Debt Relief Order Advice - Debt Advice Foundation (2024)

Debt Relief Orders have many of the same advantages as bankruptcy. It usually lasts for a year (during which time your creditors can't take action against you) and at the end of that period, you'll be free of all the debts listed in the order.

The main differences are that you must owe less than £30,000 and have a low disposable income (less than £75 per month after paying all your essential household expenditure). Your non-vehicle assets (including savings) can’t exceed £2,000 and your car value can’t be in excess of £2,000.

There are restrictions on the type of debts that can be included in the order. Court fines, child maintenance and student loans will not be allowed.

Debt Relief Orders are administered by the Official Receiver through the Insolvency Service. To apply for a DRO, you’ll need to contact an authorised adviser who checks whether you meet the conditions and then applies for the order on your behalf.

If you requiredebt advice, there’s no need to wait or book an appointment, our advisers are available Monday to Friday 8am to 6pm on0800 043 40 50.

Debt Relief Order Advice - Debt Advice Foundation (2024)

FAQs

What does the Debt Advice Foundation do? ›

Debt Advice Foundation's primary objects are: The prevention or relief of poverty for the public benefit and, without prejudice to the generality of the foregoing, this may include: the provision of free, impartial and appropriate debt advice to people with unaffordable debt.

What are the downsides of a debt relief order? ›

The note of your DRO stays on your credit file for up to six years after the date the DRO was made. This means it could be some time before you can get credit in the future. You might also struggle to open a new bank account during the DRO period and for some time after it has ended.

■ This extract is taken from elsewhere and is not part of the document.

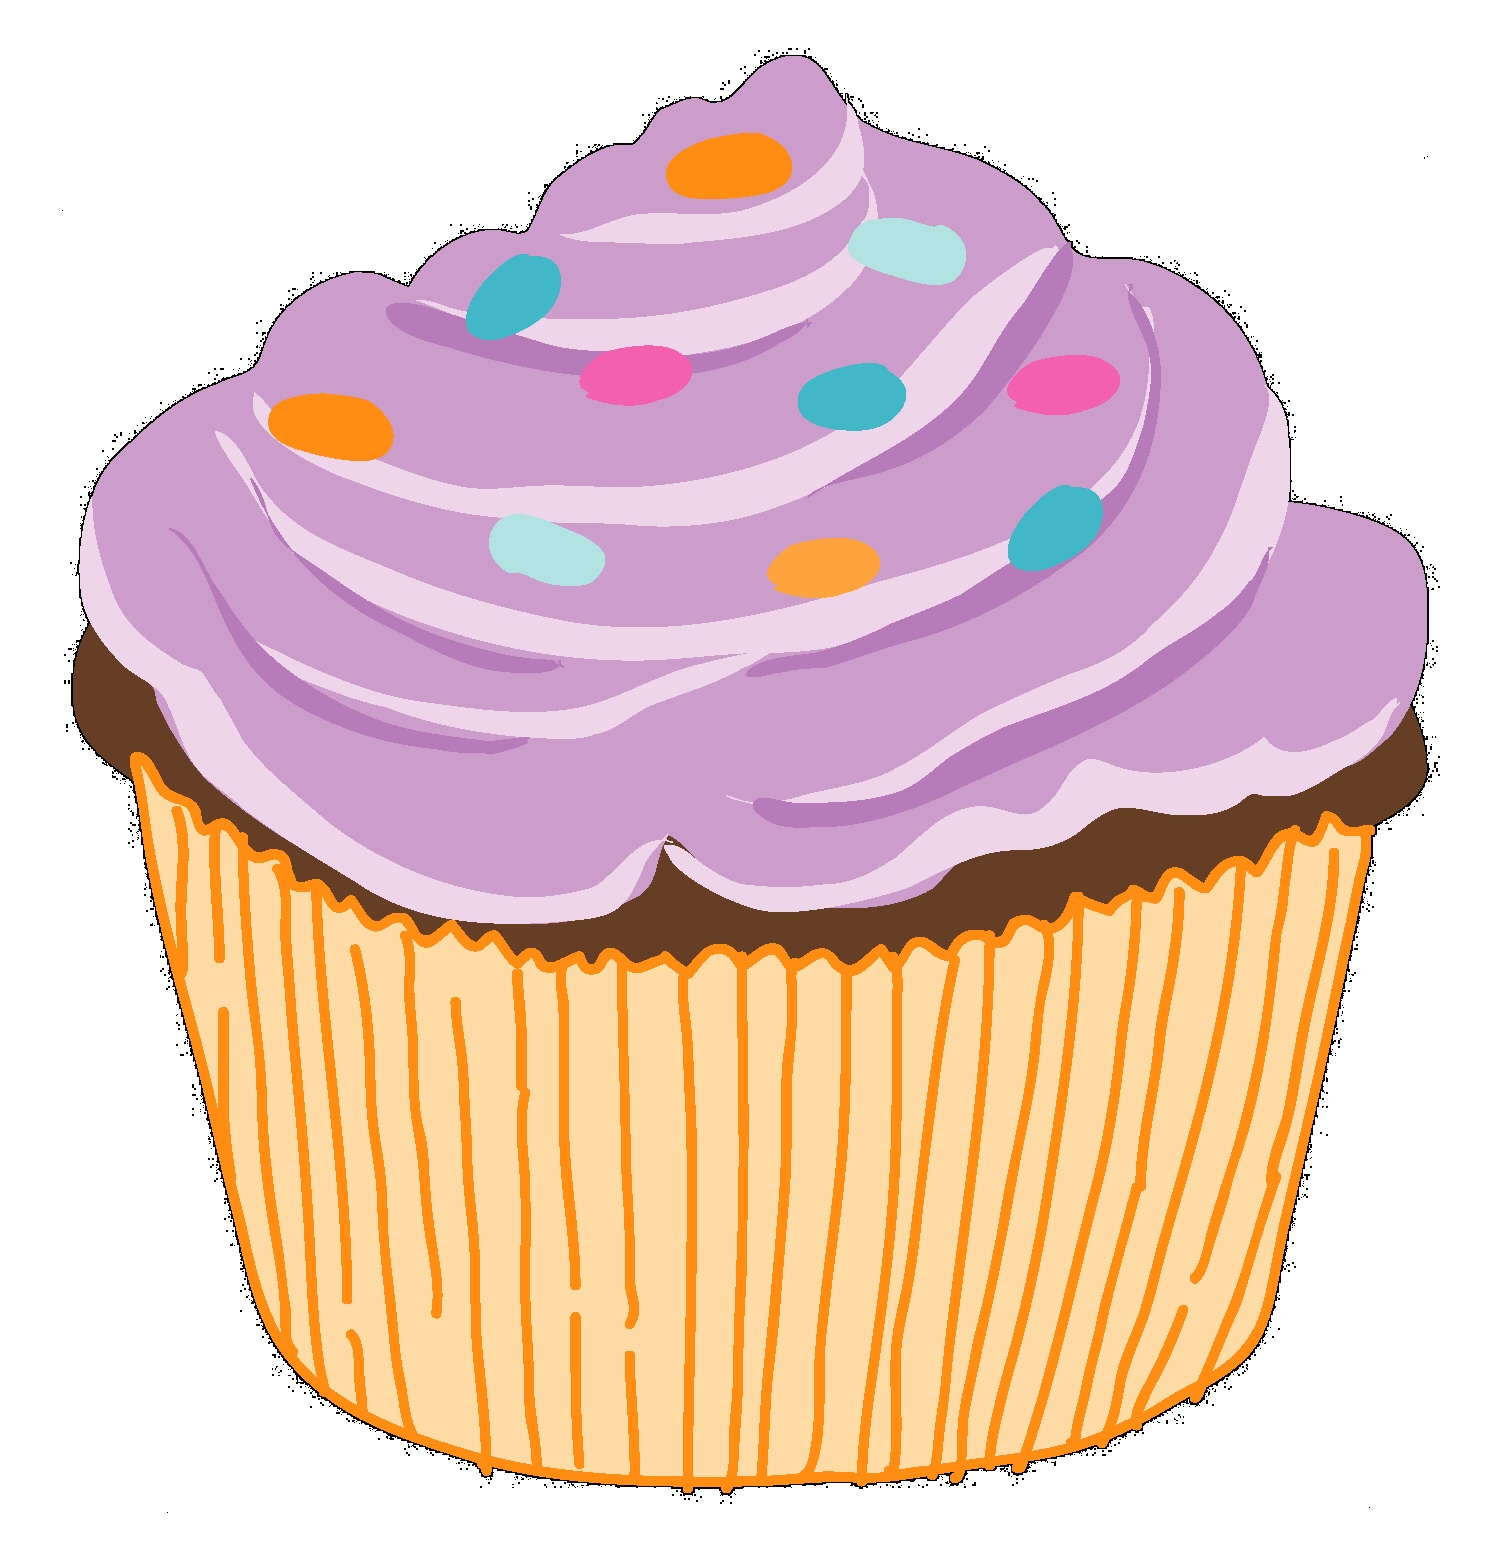 clip art royalty free download Free cupcake cliparts download. Cupcakes clipart.
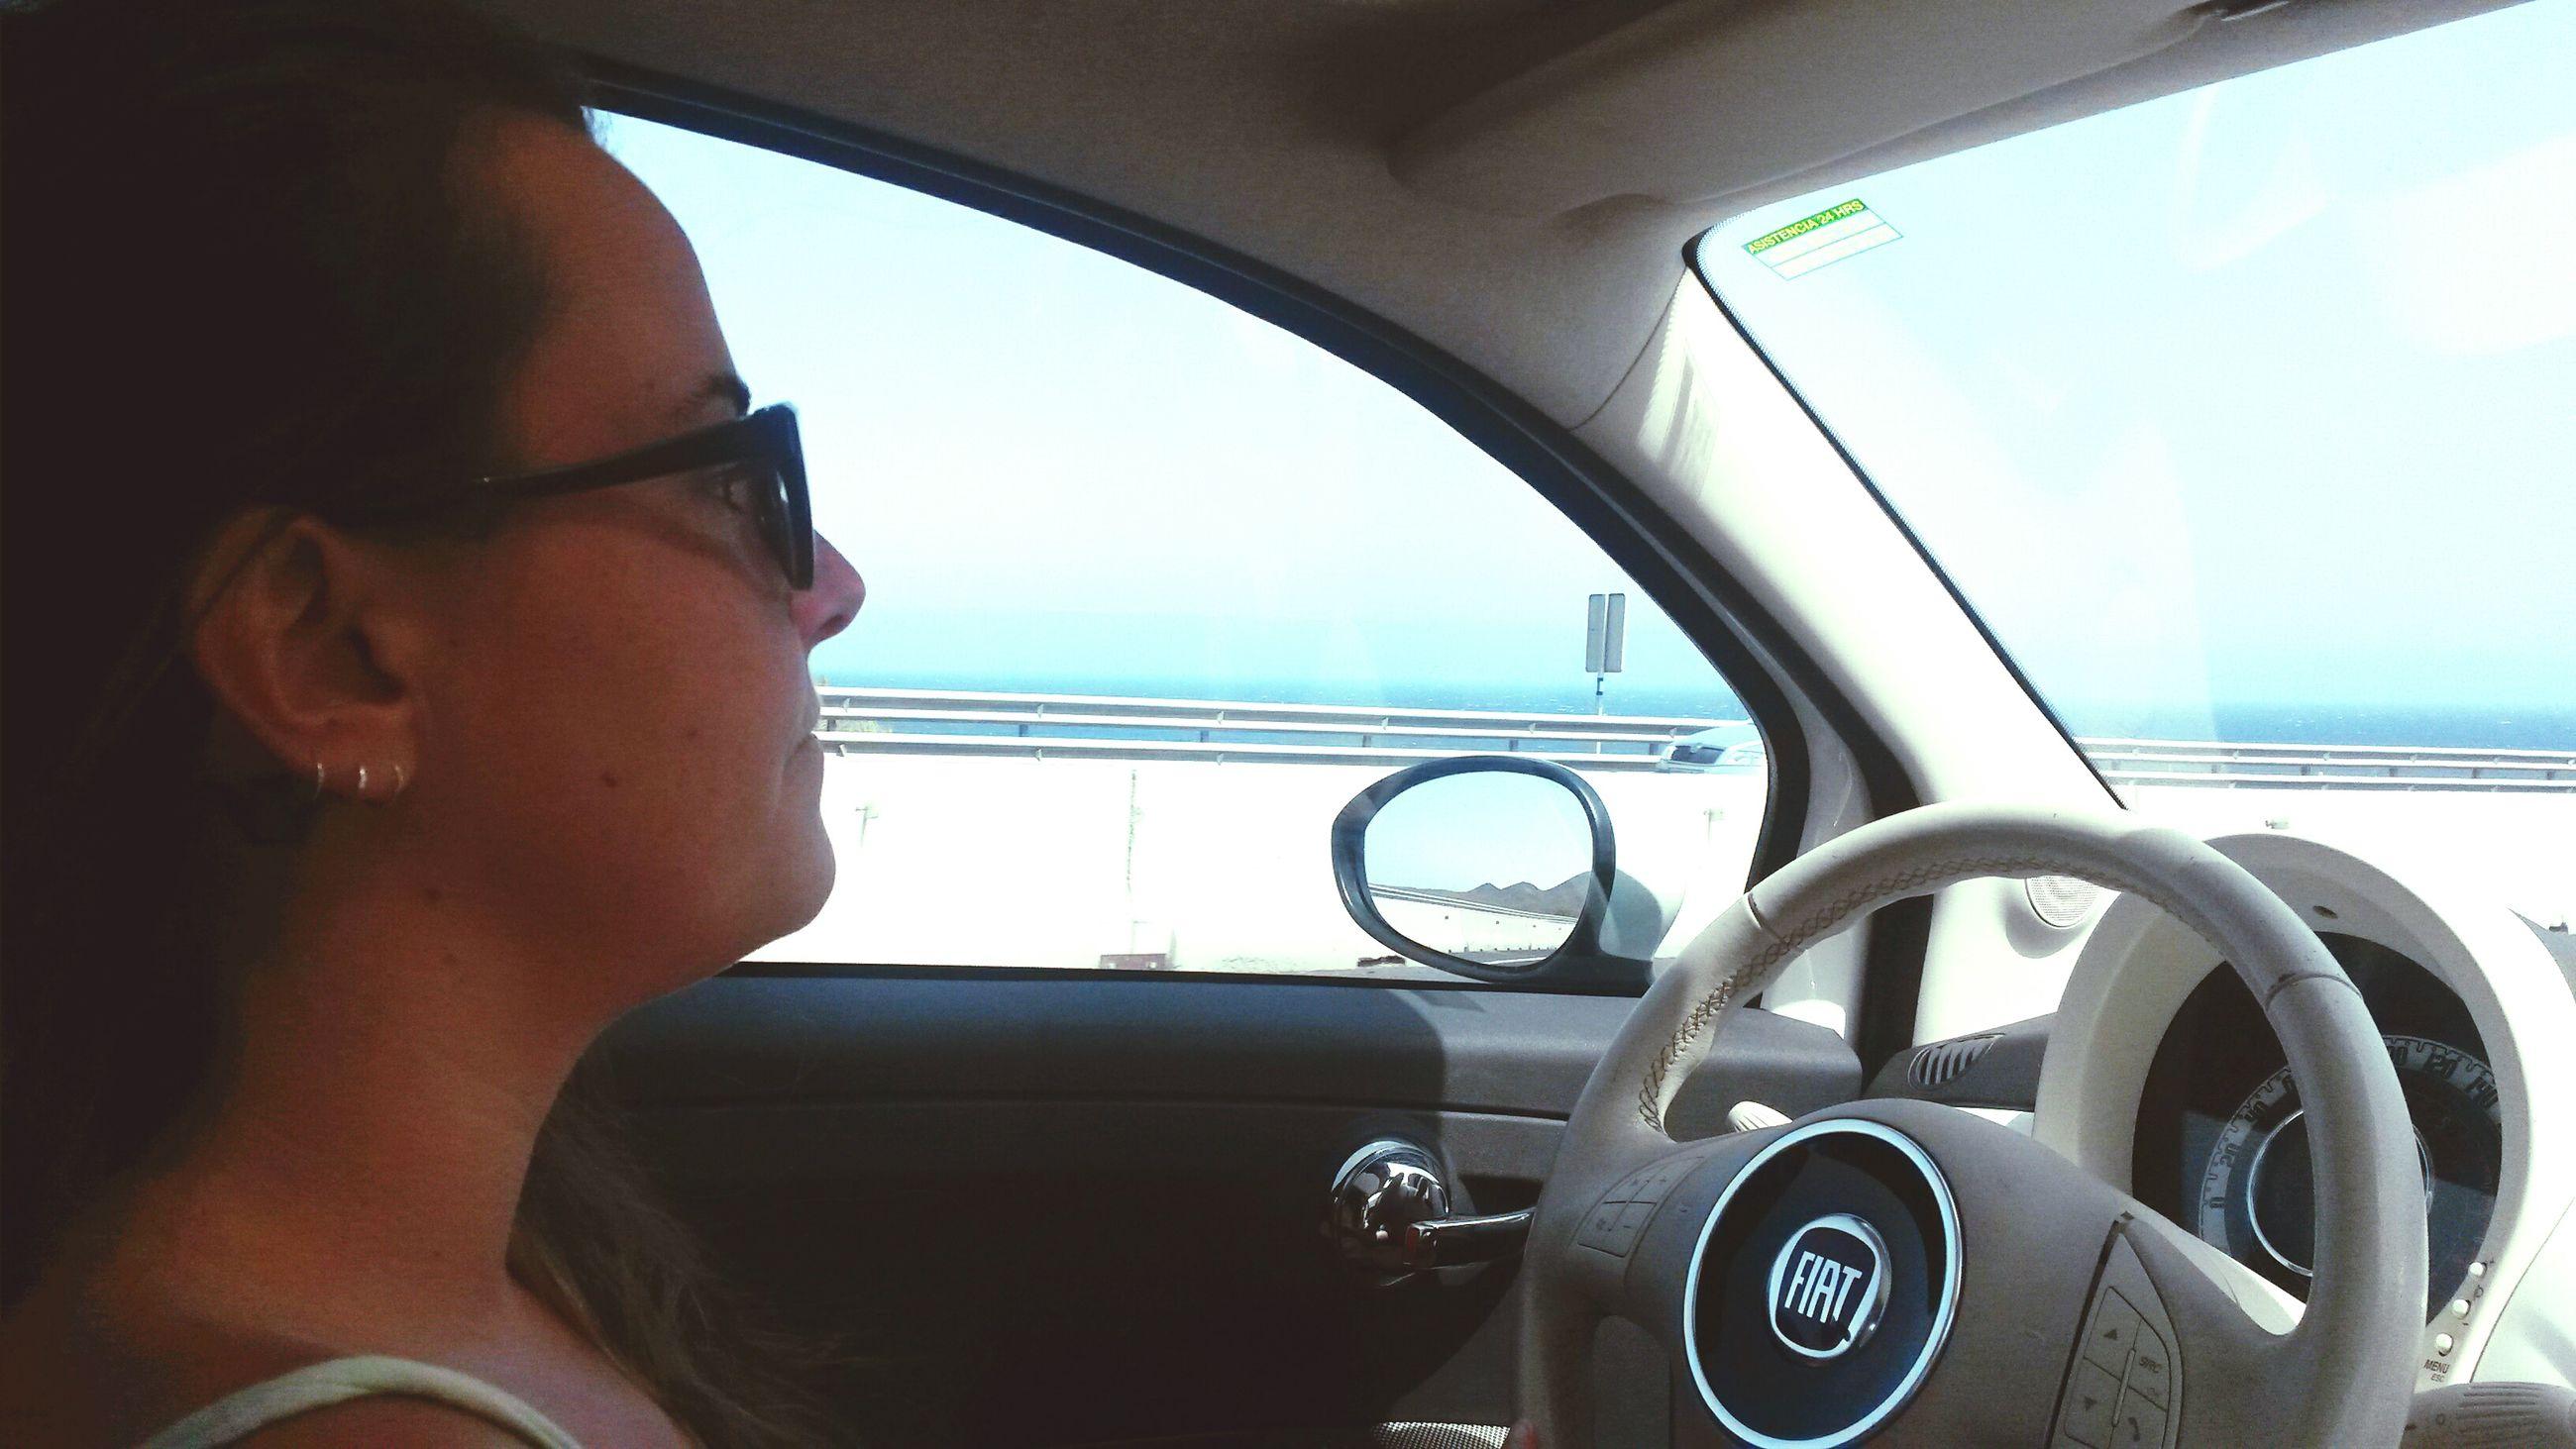 transportation, vehicle interior, mode of transport, window, indoors, travel, land vehicle, lifestyles, leisure activity, car interior, journey, car, transparent, glass - material, vehicle seat, headshot, reflection, sky

What is the downside to debt relief? ›

Debt relief programs and strategies aim to resolve credit issues caused by built-up debt. But, much like the debt itself, the relief option you choose will impact your future finances. You could be left with hefty fees or even more damage to your credit score.

Is the debt relief real? ›

Debt relief companies can be convenient, but can also be expensive and damage your credit. Debt relief companies, sometimes called debt settlement companies, are one option for those struggling with credit card debt, tax debt, personal loan debt and other types of unsecured debt.

How do I get out of debt advice? ›

For practical advice on what to do about debts you can speak to the Money Advice Service, which is a free and impartial service set up by the government. The National Debtline is an independent charity that offers confidential debt advice. You can chat to them online or read debt advice on their website.

What happens when you use a debt relief company? ›

Working with a relief company will typically result in an immediate negative impact on your credit score. The degree to which your score drops depends on the relief method you choose and whether your creditors decide to report it.

Does debt forgiveness ruin your credit? ›

Downsides of debt forgiveness

Debt forgiveness may negatively affect credit scores, making it challenging to obtain future loans or credit. Forgiven debt of more than $600 may be considered taxable income, potentially resulting in a hefty tax bill.

How long does debt relief stay on your credit report? ›

Debt Settlement: 30 Days or More

Late payments remain on credit reports for seven years before being removed. Payment history makes up about 35% of your FICO Score. If you're late on payments and that gets reported to the credit bureaus, it can seriously affect your score.

Does the government offer debt relief? ›

Unfortunately, there is no such thing as a government-sponsored program for credit card debt relief. In fact, if you receive a solicitation that touts a government program to get you out of debt, you may want to think twice about working with that company.

Does the IRS have a debt relief program? ›

Apply With the New Form 656

An offer in compromise allows you to settle your tax debt for less than the full amount you owe. It may be a legitimate option if you can't pay your full tax liability or doing so creates a financial hardship. We consider your unique set of facts and circ*mstances: Ability to pay.

Can debt relief take your house? ›

If the mortgage is not paid, the creditor can take your house. If you have other types of debt, your home is usually safe. If you own a home and stop paying your mortgage, the creditor can file a foreclosure action and force a sale of your home.

Does debt relief cancel your credit cards? ›

Can I Continue To Use My Credit Cards? No, you won't be able to use your credit cards that are enrolled in the program. Plus, creditors will usually close your accounts after you've missed a few payments. Your debt expert will help you decide the best plan of action based on your current financial situation.

What happens when you go for debt Counselling? ›

Your counsellor will look at everything you owe and will negotiate with your creditors for a more affordable repayment rate and even better repayment terms.

What does debt advisory do? ›

Supporting with Deal Structuring and Transaction Execution

After helping companies take a step back and examine the debt market thoroughly, debt advisors also support companies with their execution strategy.

What debt does debt relief cover? ›

Debt relief through bankruptcy

The most common form of bankruptcy, Chapter 7 liquidation, can erase most credit card debt, unsecured personal loans and medical debt. It can be done in three or four months if you qualify.

How does a debt advisor work? ›

When you enroll in a debt management plan, you'll work with a nonprofit credit counseling agency. Your counselor will contact your creditors to gain their participation and may be able to get them to reduce your interest rates, lower your monthly payments, or waive their late fees.